→ **Your task**
In the material below, find the line containing "Estimated Retail Price: $985" and the line containing "Condition: Excellent.", then reproduce exactly both of them and every line between, and nothing else.

→ **Task data**
────

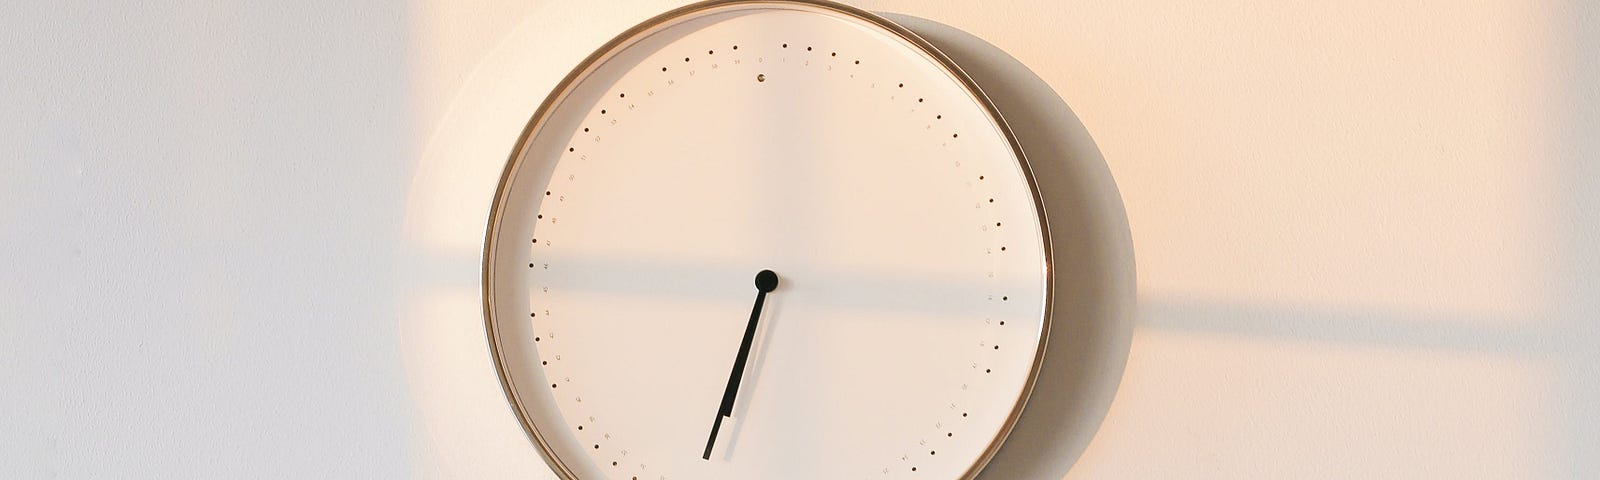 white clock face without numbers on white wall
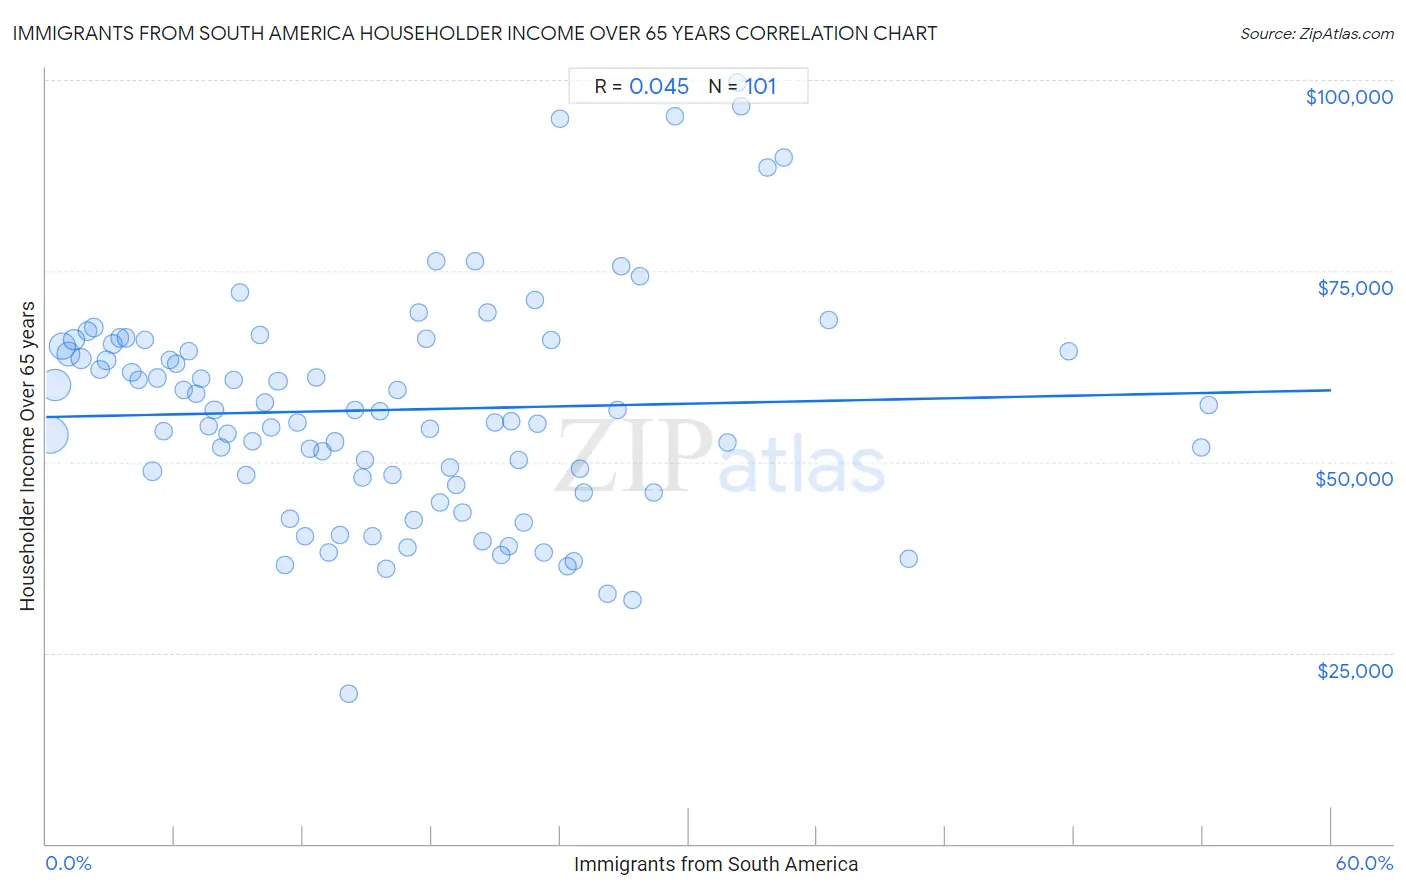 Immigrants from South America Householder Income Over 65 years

────

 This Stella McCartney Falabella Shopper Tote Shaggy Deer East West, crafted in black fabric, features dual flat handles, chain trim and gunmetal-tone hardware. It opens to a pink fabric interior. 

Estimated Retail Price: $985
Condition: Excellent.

────

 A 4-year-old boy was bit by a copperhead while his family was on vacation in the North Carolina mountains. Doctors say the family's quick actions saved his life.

────

→ **Written solution**
Estimated Retail Price: $985
Condition: Excellent.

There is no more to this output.